Mastodawn

So, you think AI is ready to write all of your code for you? Ok, start by asking it “There is a car wash 100 meters away. I need to wash my car. Should I walk or drive?”

Show thread

Birgit Pauli-Haack Feb 17

@macmanx response, well argued. "You'll want to drive — the whole point is to get your car there so it can be washed! Even though 100 meters is a very short walk, your car can't wash itself at home. Drive it over, and enjoy the short trip."

Show thread

James Huff

Feb 17

@bph I’ve gotten Claude and Gemini to respond correctly, but GPT, Copilot, and even Gemma (Google’s local model) fail big time, suggesting that walking is the most efficient option.

Show thread

Birgit Pauli-Haack Feb 17

@macmanx Lumo disappoints, too. Quite elaborate for a wrong answer 🤦‍♀️

"At just 100 m, walking will almost always beat driving. Even if you could roll out the door and zip over in a few seconds, you still have to spend time getting into the car, starting it, navigating any curb or parking spot, and then getting back out again. All that adds up to more hassle than a quick stroll.

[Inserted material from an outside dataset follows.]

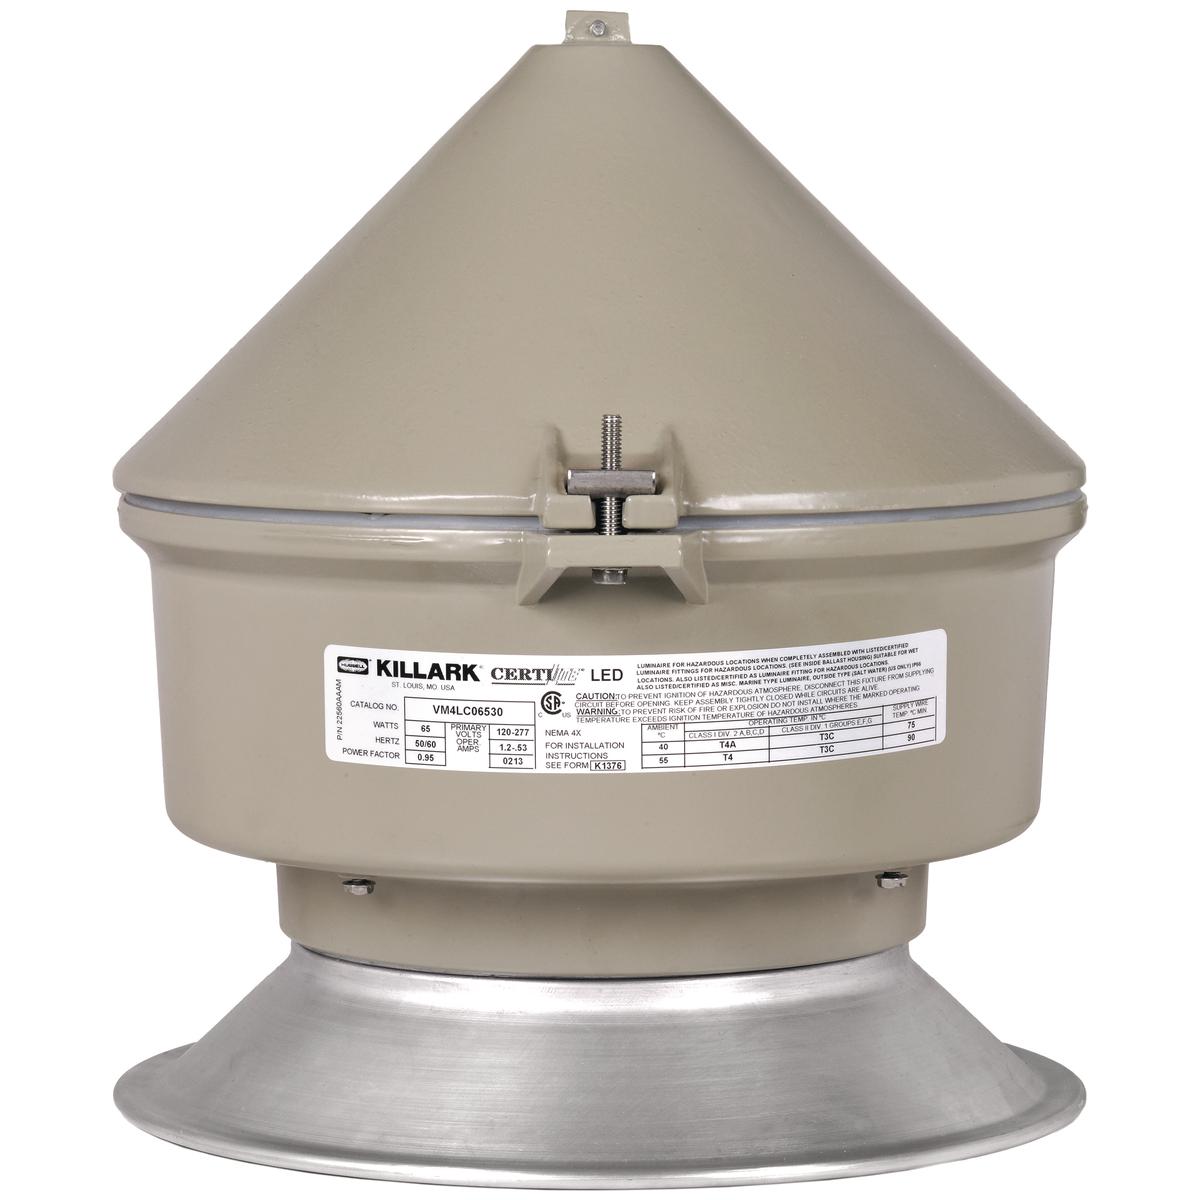 Hubbell VM4LC730C3GFG VM4LC 120-277V 1" Cone Top Mount Flat Glass with Guard  ; Supplemental 20KA/10KV Surge Protection is standard for 120-277 VAC models & 10KA/10KV Surge Protection is standard for 347-480 VAC models. ; Traditional Industrial Appearance, Suitability, and Pho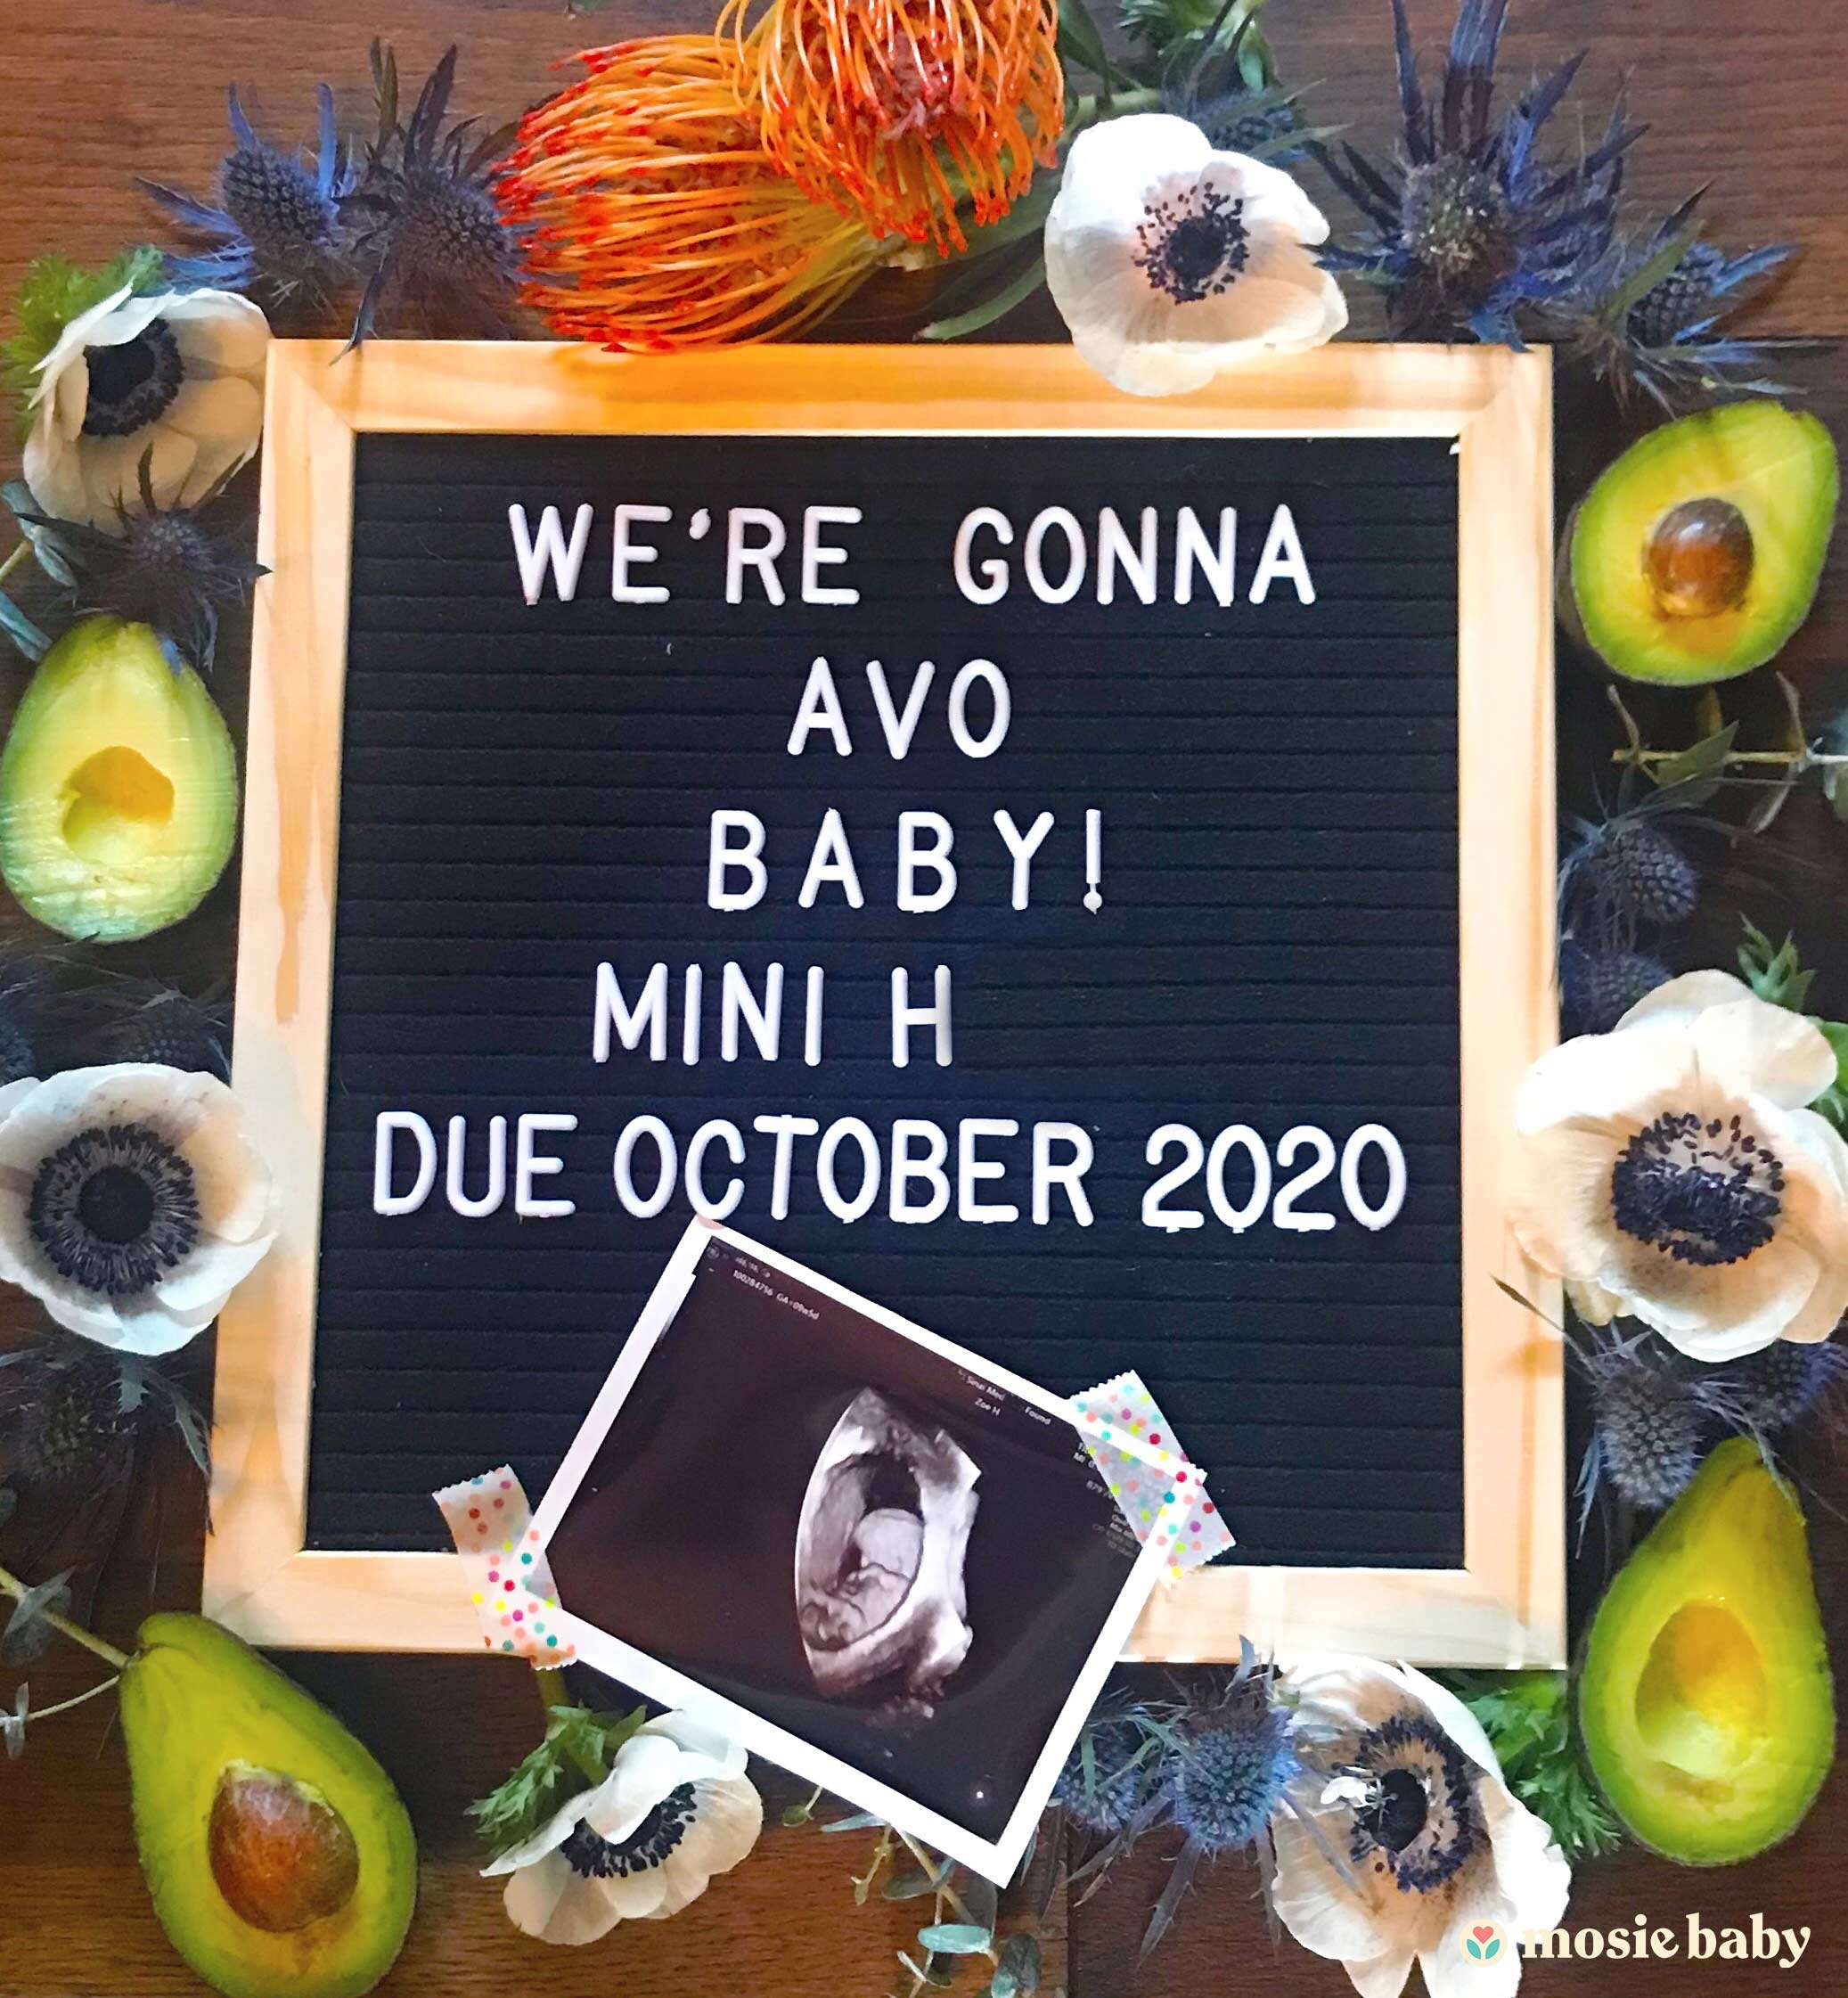 Mosie Baby pregnancy announcement with avocados

So, lace up your shoes (or just hop on foot) and head over—it's faster, simpler, and you’ll save a bit of fuel too."

Show thread

James Huff

Feb 17

@bph I feel like I could write a book titled “Lumo Disappoints” at this point. 😅

Show thread

Birgit Pauli-Haack Feb 17

@macmanx I am in the same boat. Got quite a few wrong answers lately. And it has a passive aggressive tone,.once you point out the wrongness. And Its context window is really short.

Show thread

James Huff

@bph Yeah, overall Claude 4.5 is doing well for a remote model, and Gemma 3 is doing well for a hosted model (it shows its work quite well, so hallucinations are easier to spot).

Show thread

Birgit Pauli-Haack Feb 23

@macmanx yeah, totally agree. I don't use Lumo unless I am on my phone... Claude Opus 4.5 or soon 4.6 are the work horses here, too.